The Accounting That Did Not Happen
In 2024, Jaguar Land Rover's Chief Creative Officer Gerry McGovern described the brand's new direction as a complete reinvention. The leaping cat logo that had identified Jaguar since 1945 was retired. The classic "growler" emblem was removed. In its place: a minimalist sans-serif wordmark, an avant-garde launch campaign featuring no vehicles, and a tagline -- "Copy Nothing" -- that became the subject of widespread derision. The brand's strategic objective was repositioning from mainstream premium to ultra-luxury electric, targeting customers who had never previously owned a Jaguar.
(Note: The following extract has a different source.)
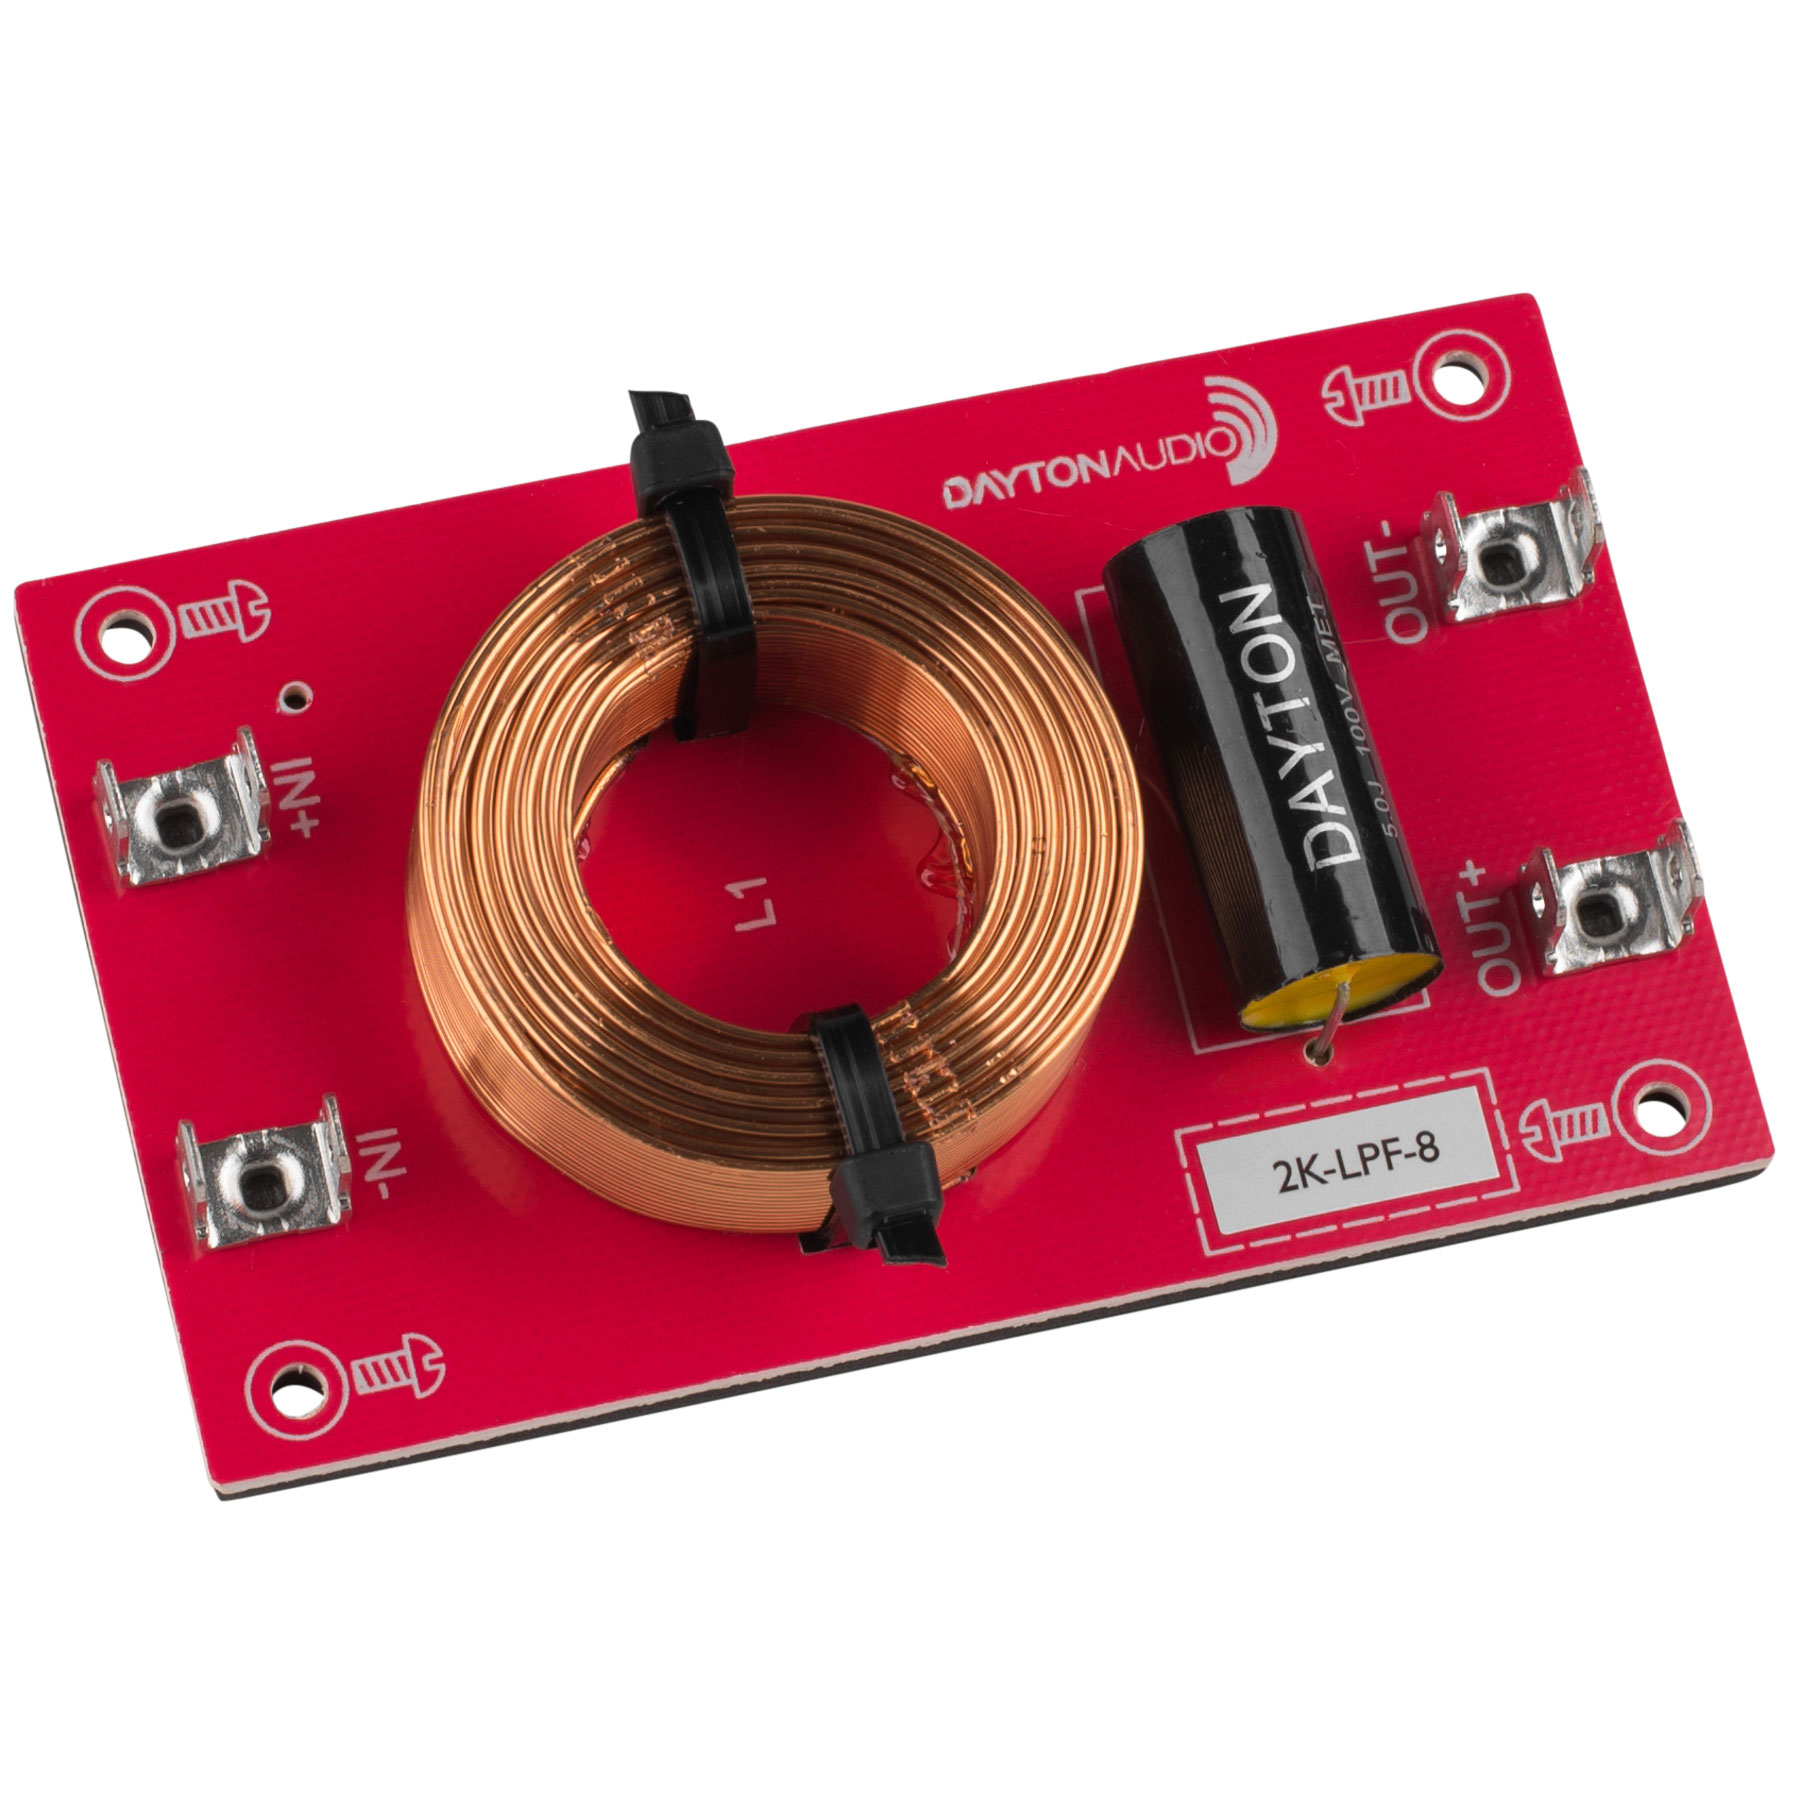 [DLF10]Dayton Audio 2k-LPF-8(2,000 Hz:12 dB/Oct)画像

By April 2025, Jaguar had sold 49 cars across Europe in a single month, a 97.5 percent decline from the same period the previous year. Year-to-date European sales were down 75 percent. Globally, the brand was selling fewer than 27,000 vehicles annually, representing an 85 percent decline from its 2018 peak. Tata Motors, Jaguar's parent company, saw its share price fall more than 10 percent year-to-date by mid-2025, even as India's Nifty50 index gained nearly six percent. The brand had not merely performed poorly in a competitive market. It had effectively erased itself while its replacement products were still in development.
The analytical failure in the Jaguar case is not primarily one of design taste or campaign execution, though both have attracted criticism. It is an accounting failure. The brand's strategic team did not appear to have rigorously priced the equity it was proposing to destroy: the decades of earned recognition in the leaping cat symbol, the cognitive shortcuts embedded in its visual language, the trust architecture that makes premium pricing defensible, and the memory structures that placed Jaguar into consideration sets across hundreds of thousands of purchasing occasions each year. These assets do not appear on a balance sheet. They should still appear in a strategy.
“Heuristics like the leaping cat logo have been discarded, weakening mental shortcuts consumers rely on. The brand destroyed more equity than it built.” Sue Benson, CEO, The Behaviours Agency -- Creative Boom, 2025
The Asset That Cannot Be Improvised
The concept of brand equity as a measurable, destructible asset is not new, but it is still poorly operationalized in most boardrooms. The Ehrenberg-Bass Institute, in research spanning more than two decades and drawn from behavioral data across hundreds of categories, established that brands grow primarily through penetration -- reaching more buyers -- rather than through deepening loyalty with existing ones. The mechanism through which penetration is achieved is mental availability: the probability that a brand will come to mind in a relevant buying situation. Mental availability is not awareness in the conventional sense. A consumer may be aware that a brand exists without it surfacing naturally in a purchase moment. Mental availability is structural, built through consistent deployment of distinctive assets that trigger retrieval in relevant contexts.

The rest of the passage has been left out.